If the movie Zoolander has entered anything into the sphere of public knowledge, it is that any and every occasion in the fashion world is followed up with an after-party. The after-party for the Tupaz show took place in a packed hotel suite and was catered, to my surprise, with Filipino fare. I helped myself to skewers of barbequed meats, fluffy pan de sal, and sticky-sweet ensaymada (the models, of course, did not). In the afterglow of the show, I soaked up the atmosphere and reflected on my experience in a strange land in to which I was only a visitor, and one that was unnaturally common at that. If I clicked together the heels of my gaudy Payless shoes, would I be transported home?

Whereas I was impressed by it, the internationality of the whole affair seemed lost on everyone else, and appropriately so.
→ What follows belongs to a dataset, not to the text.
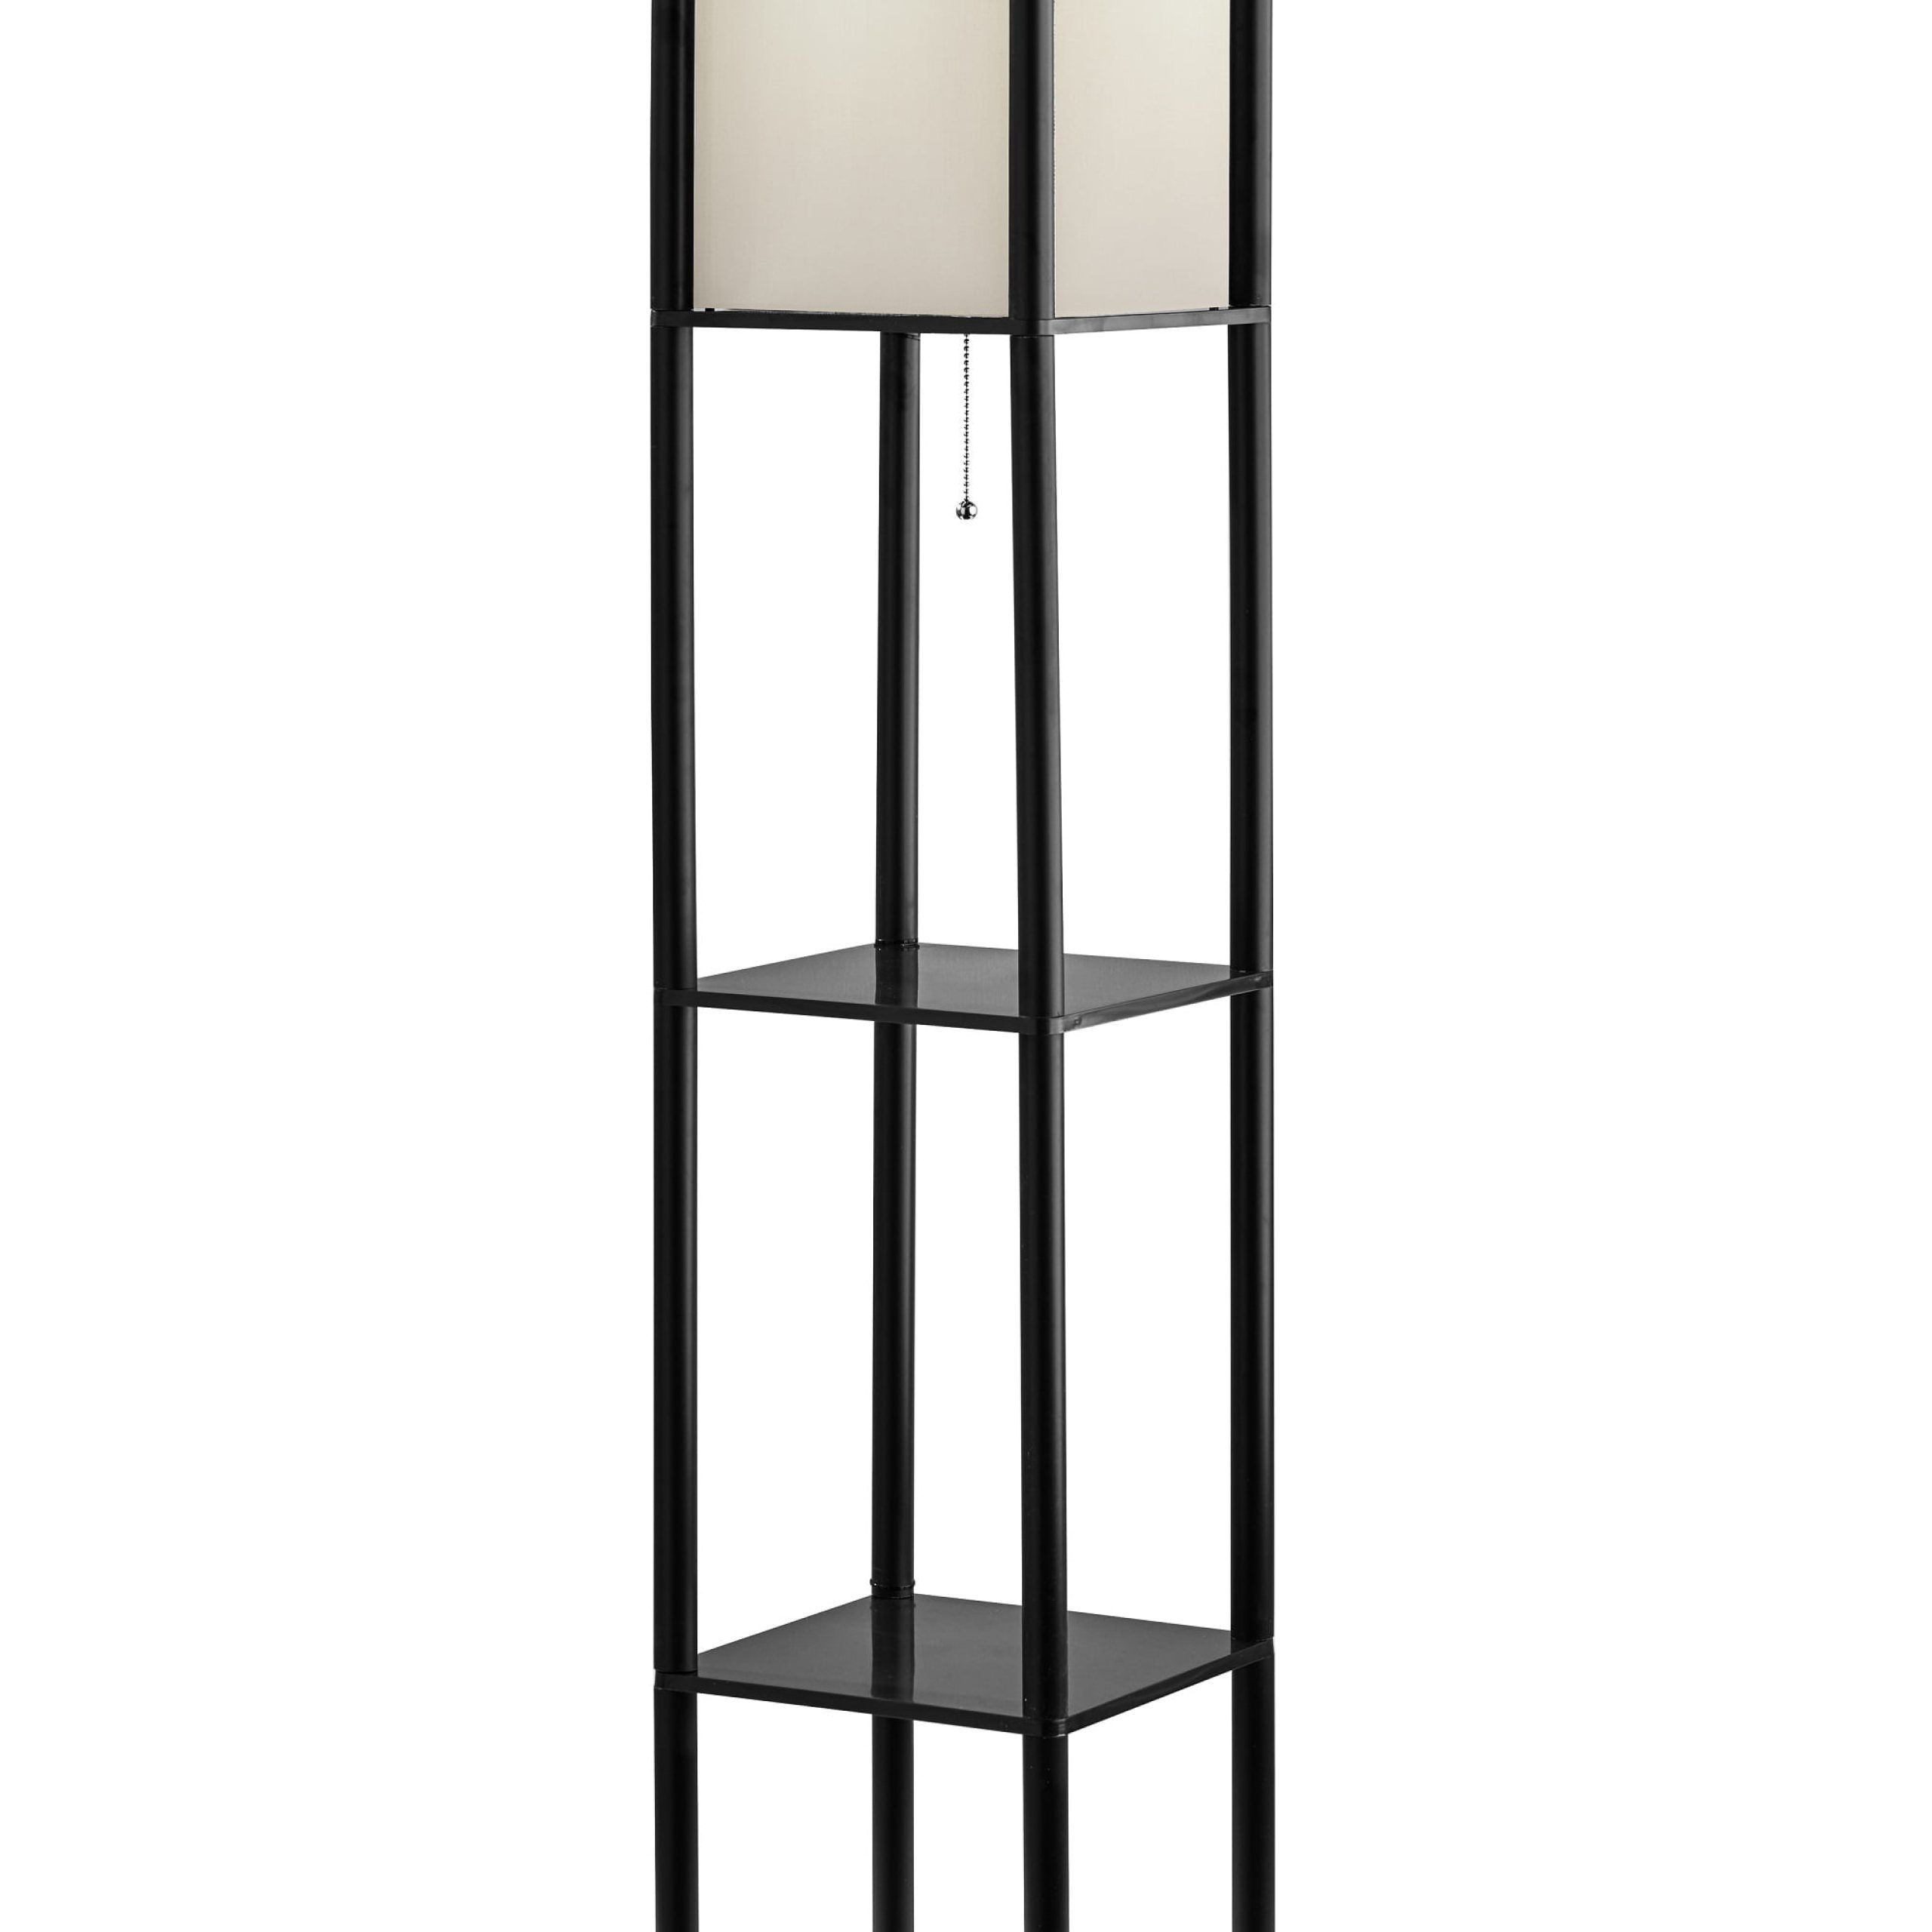 Mainstays 62 Inch Tall Shelf Floor Lamp, Black With White Fabric Shade –  Walmart With 62 Inch Floor Lamps (View 3 of 20)

At the end of the day, I was left with the overwhelming impression that in the world of high-fashion, to care too much about differences in ethnicity represented extremely bad form.

Ultimately, I could not decide whether the “colorblindness” of this world was a thing to be marveled at or lamented. Was ethnicity to be celebrated here only to the extent that it could lend distinctive beauty to one’s appearance? And if so, was the culture that lay behind a strikingly ethnic face being eclipsed so that the surface could shine more brightly?

No, I haven't seen Lucy Garcia in years. However, I am able to add one tidbit of information for those who are dying to know everything about Lucy. Lucy has flown an airplane. Ask her about it.